You can save the MITRE ATTACK NAVIGATOR heatmap for future reference. Use the Save Heatmap button on the MITRE ATTACK NAVIGATOR to save the heatmap present on it, by filling in the required fields of the pop-up. All saved heatmaps for a particular customer will be displayed on the Saved Heatmaps page of the GovOps application. This will have the following columns: Heatmap Name, Description, Created By, Created On, and Actions. You can view that heatmap by clicking the View In Navigator link in the Actions column.

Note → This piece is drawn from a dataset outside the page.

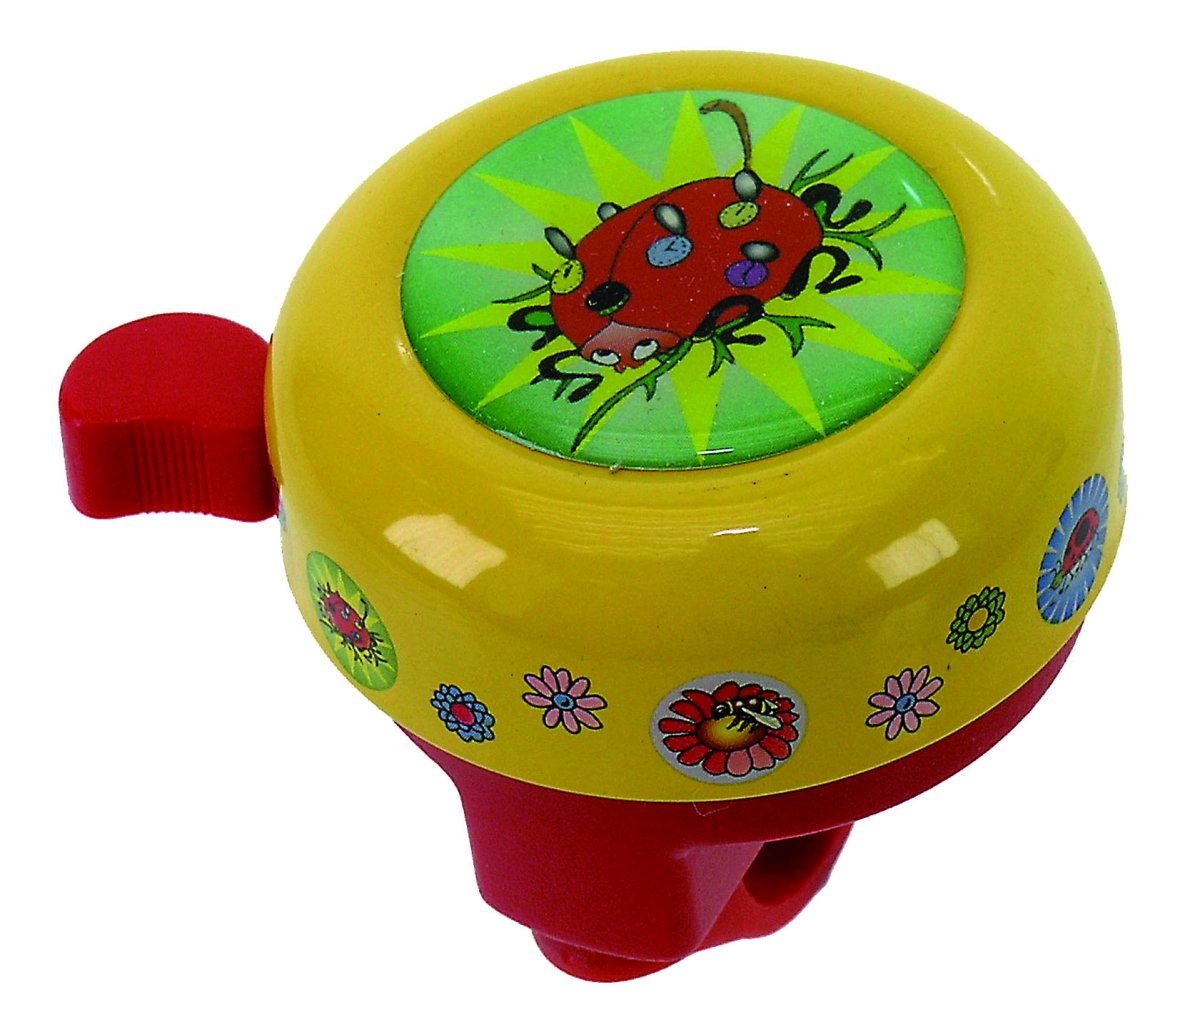 Звонок 5-420119 сталь/пластик детский с 3D-рисунком 6 цветов в ассортименте M-WAVE

Use the Customer Toggle button to view the Saved Heatmaps page of different customers.

Customer Toggle
You can use the Customer Toggle button to view the Saved Heatmaps page for different customers.

Search Heatmaps
You can search a particular heatmap of a group of heatmaps by Heatmap Name and Description, using the search functionality.

Sort Heatmaps
You can sort the heatmap list by the Heatmap Name and Created By columns, in ascending and descending orders.

Pagination on Save Heatmap
Using pagination and move-top functionality, you can view 20 heatmaps on a single page.

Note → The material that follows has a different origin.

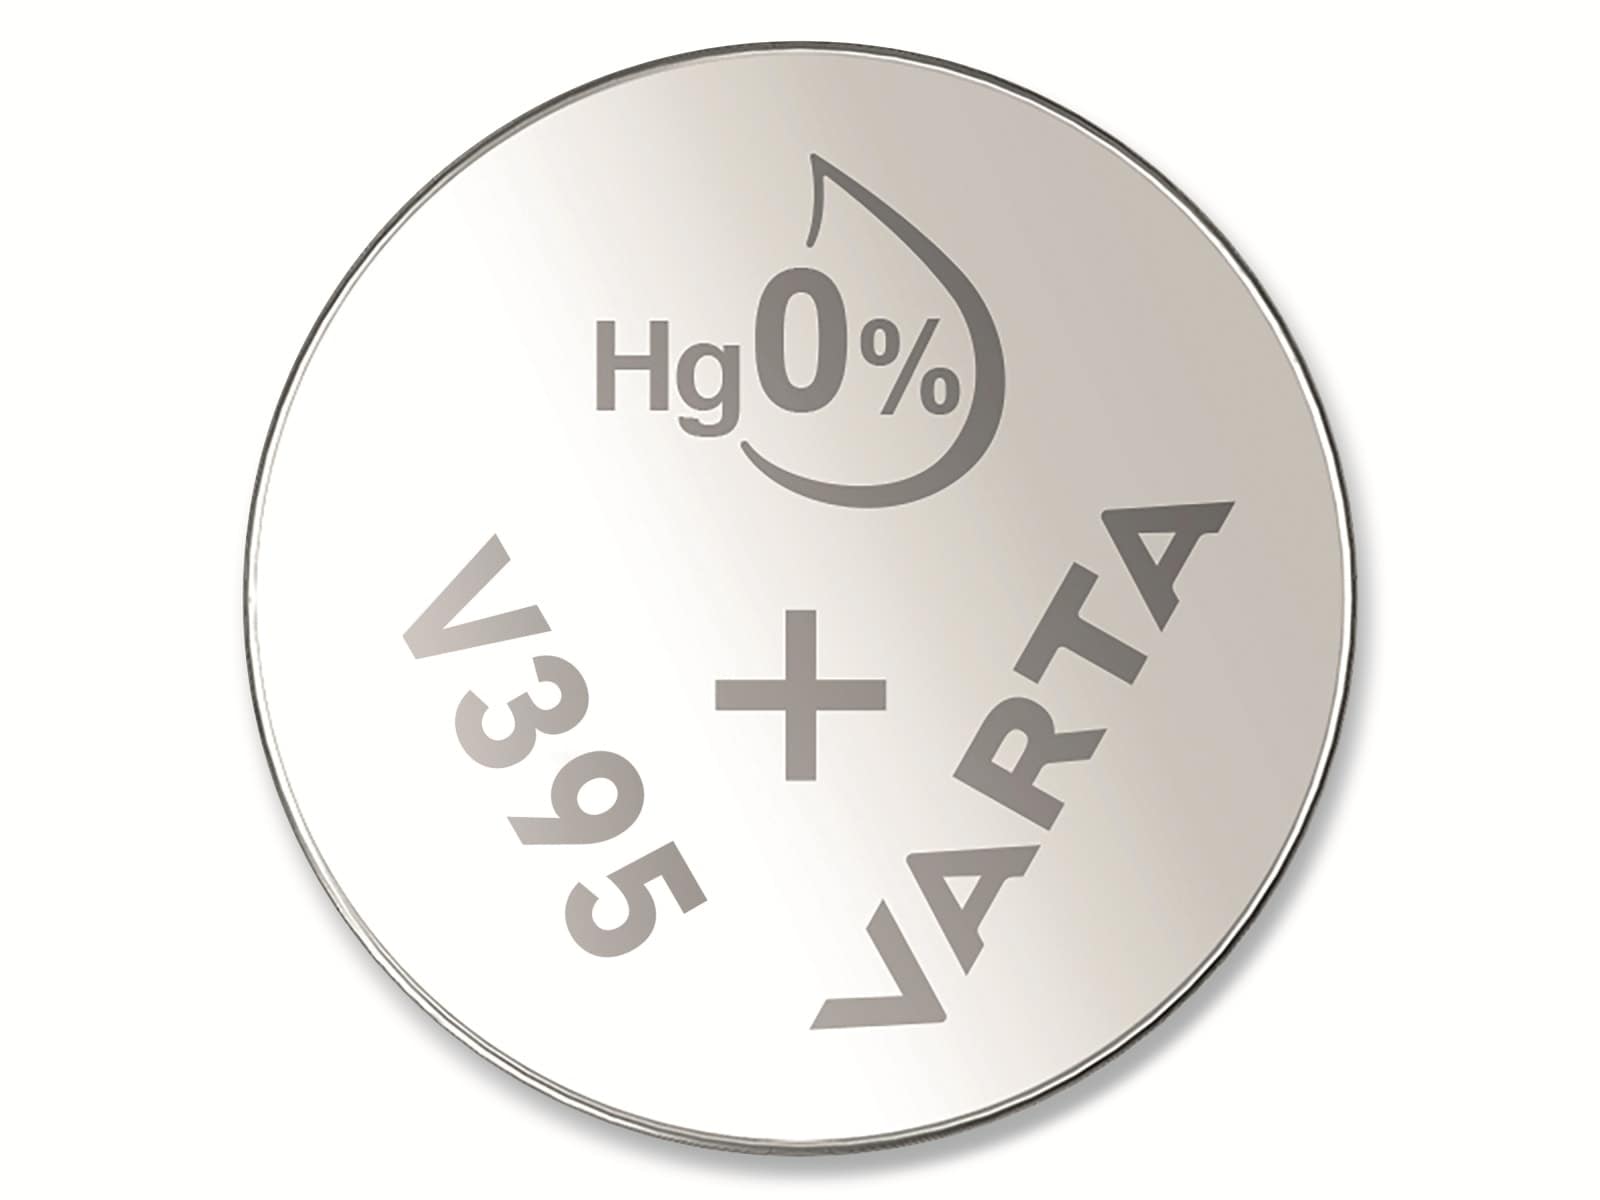 VARTA Knopfzelle Silver Oxide, 395 SR57,  1.55V, 10 Stück

The Settings page is a separate MFE in the GovOps application that is only accessible to users with Admin access. For other users, the Settings icon will not visible and the Settings page will not be accessible.

Settings MFE includes the following features:

• User Management
• Customer Profile
• Data Ingestion Settings (Includes Allowed Values)

User Management

You can see the User table on the User Management page. This features the following columns: User ID, User Name, Customer Name, Application Role, and Actions. You can perform all user-related operations on this page.

Add Users
You can add a user by clicking the + Add User button. Save it by filling in all required fields in the pop-up.

Edit Users
You can update users by clicking the Edit icon. You can save it by filling in all required fields in the pop-up.

Delete Users
Users can delete any user - except themselves - using the Delete icon.

Sort Users
You can sort the table alphabetically in ascending and descending order, by the User ID (email address of the user) column.

Search Users
You can search for a particular user by any column, using the Search functionality.

Pagination in User Management
Using the pagination functionality, you can view 10 users on a single page.

Customer Profile

You can find the Customer table on the Customer Profile page. This table has the following columsn: Customer ID, Customer Name, Status, and Actions. You can perform all customer-related operations on this page.

Add Customers
You can add a customer by clicking on the + Create New Customer button. Save it by filling out all of the required fields in the Create or edit a customer form.

Edit Customers
You can update customers by clicking on the Edit icon. Save it by filling out all of the required fields in the Create or edit a customer form. You can activate/inactivate any customer.

Filter Customers
You can filter customers by the Status column, using the Status filter.

Search Customers
You can search for a particular customer by any column, using the Search functionality.

Pagination in Customer Profile
Using pagination functionality, you can view 10 customers on a single page.

Data Ingestion Settings

On this page, you can perform Data Ingestion, Invalid Use Case Report, and Allowed Values related operations.

Start Ingestion
You can run ingestion using the Start Ingestion button.

Invalid Use Cases Report
You can download the Invalid Use Cases report in Excel format by clicking the Invalid use cases report button.

Add Allowed Values
You can add allowed values using the + Add allowed values button, and filling in all of the required fields in the pop-up.

Search Allowed Values
You can search for particular allowed values or lists of allowed values, using the search functionality.

Delete Allowed Values
You can delete allowed values by clicking the Delete icon, and confirming on the pop-up that follows.

Pagination for Allowed Values
Using the pagination functionality, you can view 10 allowed values on a single page.

You can log out from the GovOps application by clicking the Logout button and selecting Yes on the pop-up that follows.